» Task item:
Print the lines below from the line with "874448af3 Tommy Hilfiger" to the line with "印象解釈感嘆符Little Bling Secret" exactly, keeping both ends, and print no pictures.

» Material to process:
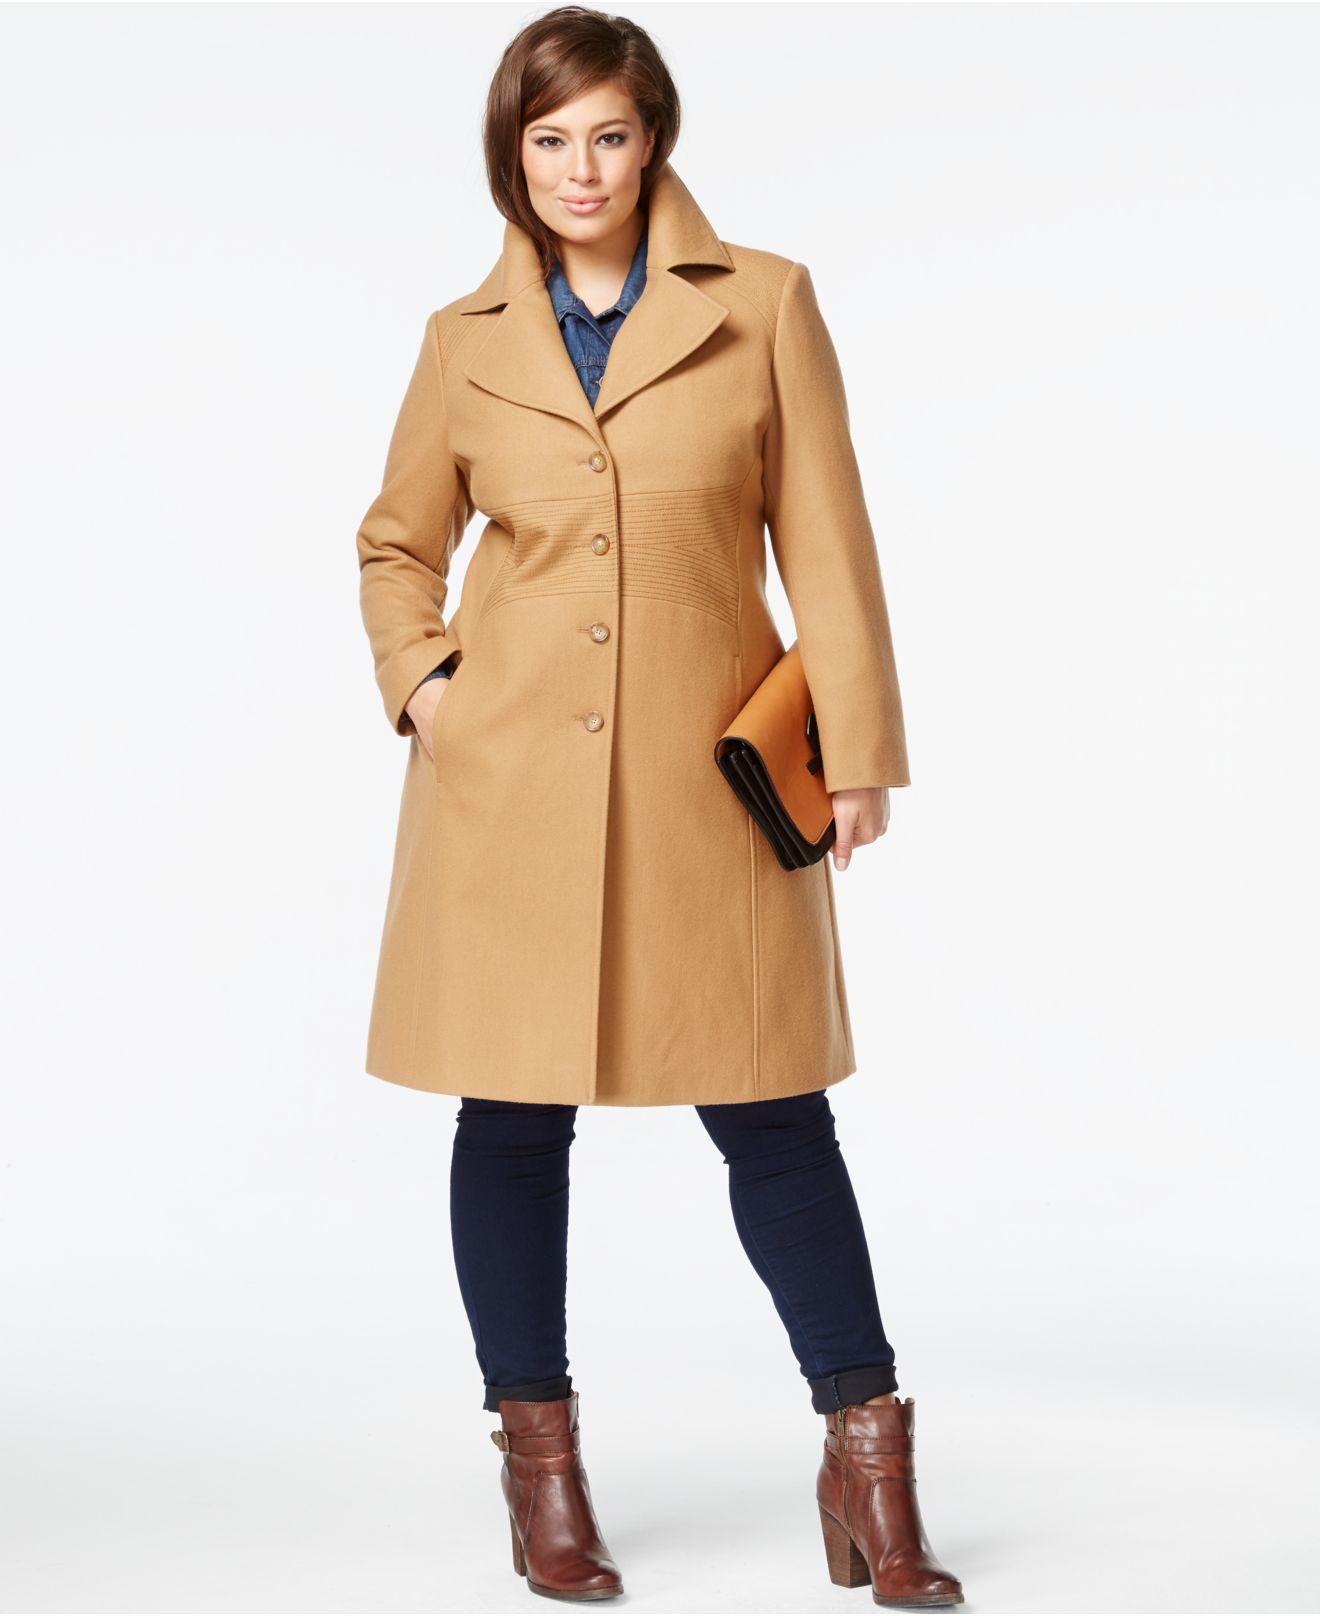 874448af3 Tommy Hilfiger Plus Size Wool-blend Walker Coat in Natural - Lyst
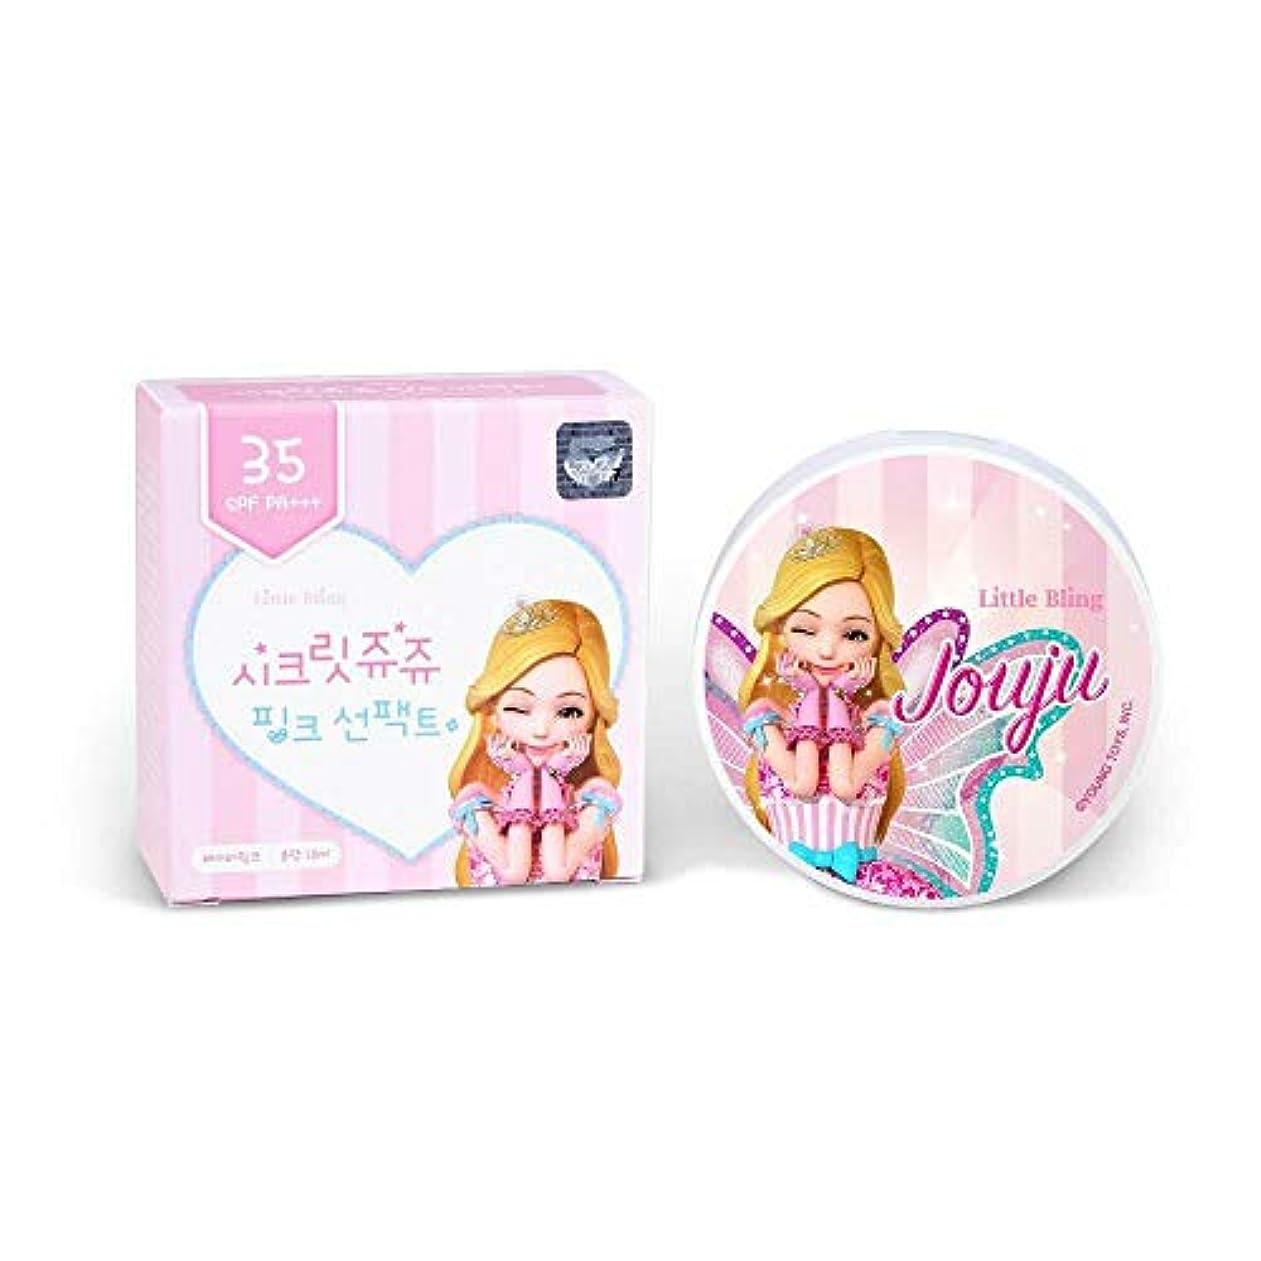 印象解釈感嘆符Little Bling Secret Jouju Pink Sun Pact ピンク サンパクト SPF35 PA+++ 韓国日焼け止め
...
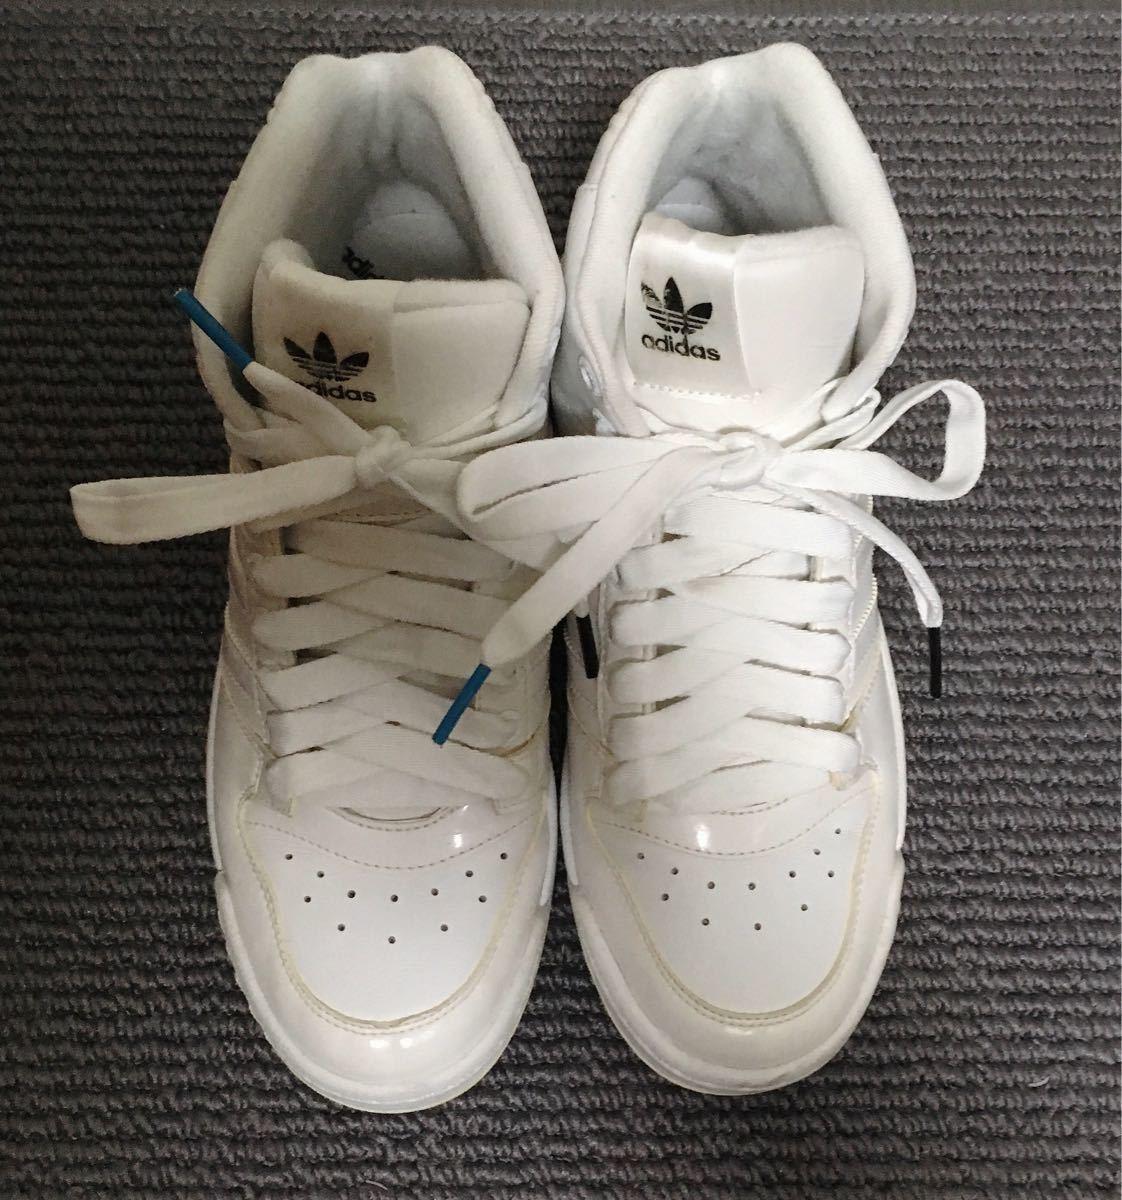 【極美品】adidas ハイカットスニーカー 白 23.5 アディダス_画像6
--
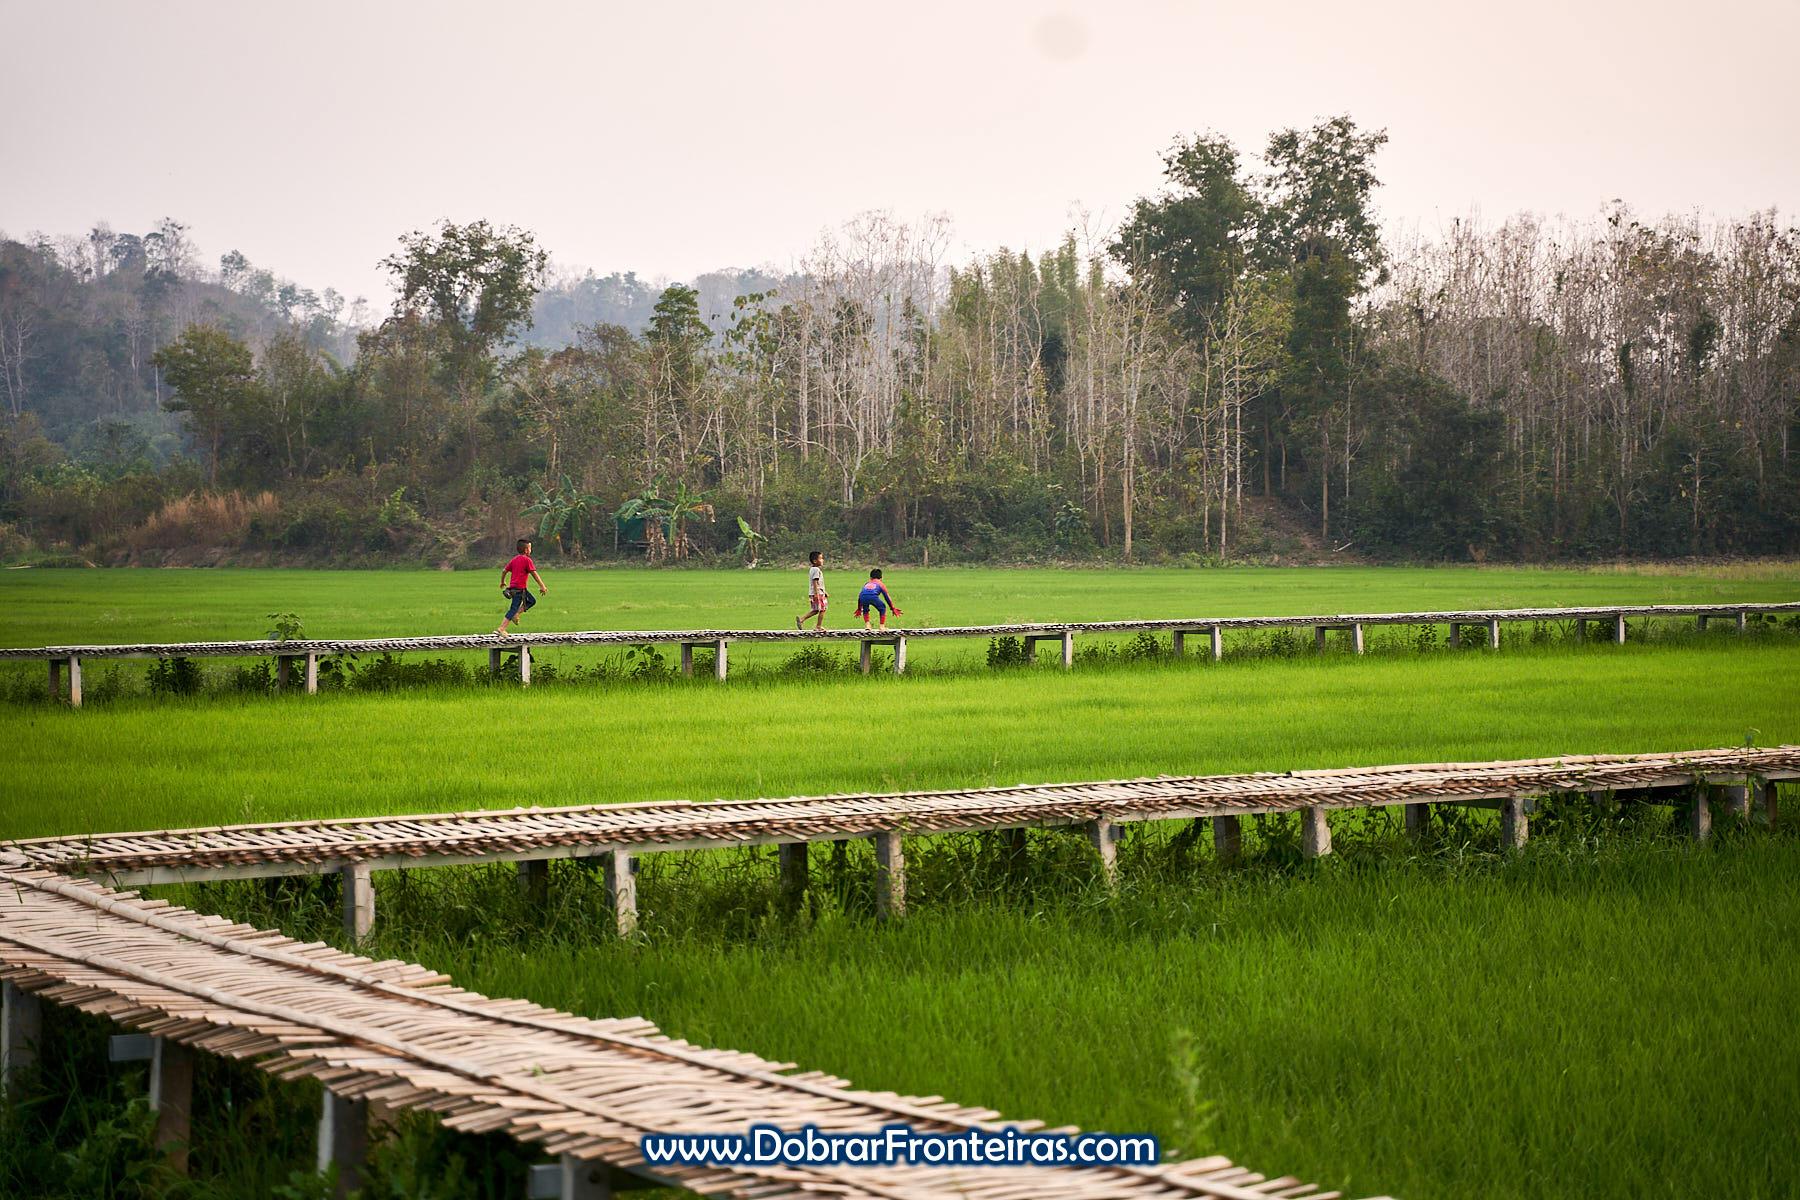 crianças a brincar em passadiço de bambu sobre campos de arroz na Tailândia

» Exercise response:
 874448af3 Tommy Hilfiger Plus Size Wool-blend Walker Coat in Natural - Lyst
 印象解釈感嘆符Little Bling Secret Jouju Pink Sun Pact ピンク サンパクト SPF35 PA+++ 韓国日焼け止め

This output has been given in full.